The Conservative leader said that voters would think the Prime Minister had “lost his way” if he forced Labour MPs to support him on an issue that many regarded as one of conscience.
Mr Cameron, whose eldest child Ivan has the neurological condition Ohtahara syndrome and is severely disabled, sounded a cautionary note to the Roman Catholic Church and other critics, saying that they must not misrepresent the proposals.
His intervention came as scientists prepared to meet Catholic MPs and Church leaders concerned about the legislation to explain why they wished to conduct experiments with human-animal embryos, which the Bill would permit for the first time.
After a letter in The Times yesterday, in which Professor Colin Blakemore, the former head of the Medical Research Council, proposed such a dialogue, the Labour MP Jim Devine approached stem-cell scientists offering to arrange such a meeting. Mr Devine, a Catholic, has led opposition to attacks on legislation and branded “completely unacceptable” comments by Cardinal Keith O’Brien, Scotland’s most senior Catholic, who said that it was a “monstrous attack” on human dignity and life that would allow experiments of “Frankenstein proportion”.

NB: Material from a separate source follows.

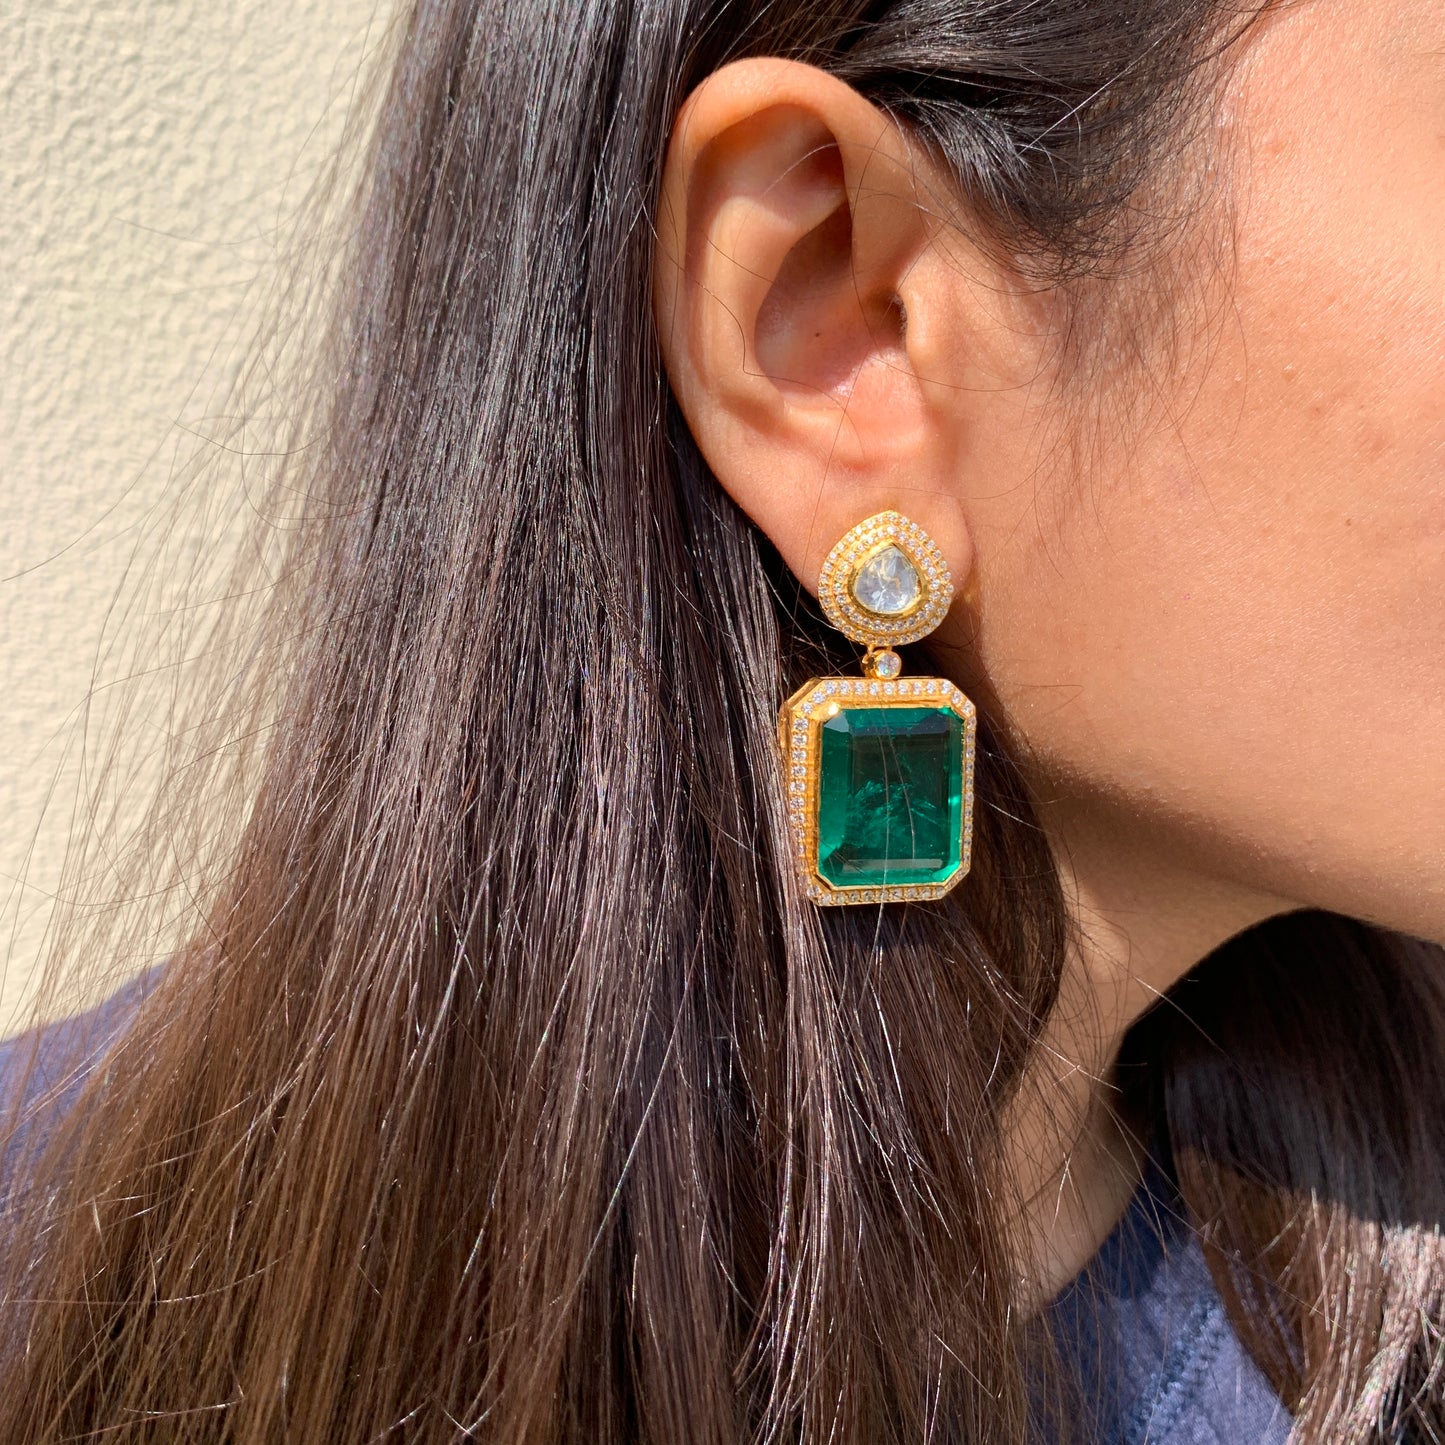 Emerald Polki Earrings

Stephen Minger, director of stem-cell biology at King’s College London, said: “The purpose of this meeting will be to clarify a number of scientific aspects of the fertility Bill, and in particular why scientists need to pursue research using human admixed embryos. We have proved over the past year that we are more than happy to engage with the public and policy-makers on these issues but we are concerned that society is allowed to have this important debate on the basis of good, accurate information.”
Mr Cameron said that the Catholic Church was entitled to express its opinion, but added: “There is a danger that people can overstate what is in this Bill and that is all the greater need for it to be debated calmly and reasonably in Parliament. My own view, and I think [that of] many people in the Conservative Party, is we need to update the legislation. This sort of research is important. We all want to see diseases reduced and problems that children have, birth defects, dealt with.”
In a reference to his son’s condition, Mr Cameron told Sky TV: “Anyone with children who suffer these sorts of conditions knows how important this work is. But we shouldn’t be frightened of having a frank and realistic debate about it in Parliament. If anyone misleads anyone about this Bill then clearly that’s wrong.”
A Church of England bishop became the latest religious leader to speak out against the Human Fertilisation and Embryology Bill.
The Bishop of Lichfield, the Right Rev Jonathan Gledhill, said: “It’s a very important part of our society and a very important part of the Christian faith that you should have respect for human embryos. If you stop obeying God, you start to limit the rights of human beings and this is a case in point. A society has to be judged by the way that it treats its poorest, most vulnerable and weakest. And what can be weaker than an unborn child?”
The Prime Minister has hinted at a compromise, saying that every MP should have the right to exercise their conscience, but has left unclear whether ministers and backbenchers will be offered a deal under which they can absent themselves from the Commons rather than vote for the measures, or be allowed a free vote that would allow them to vote against.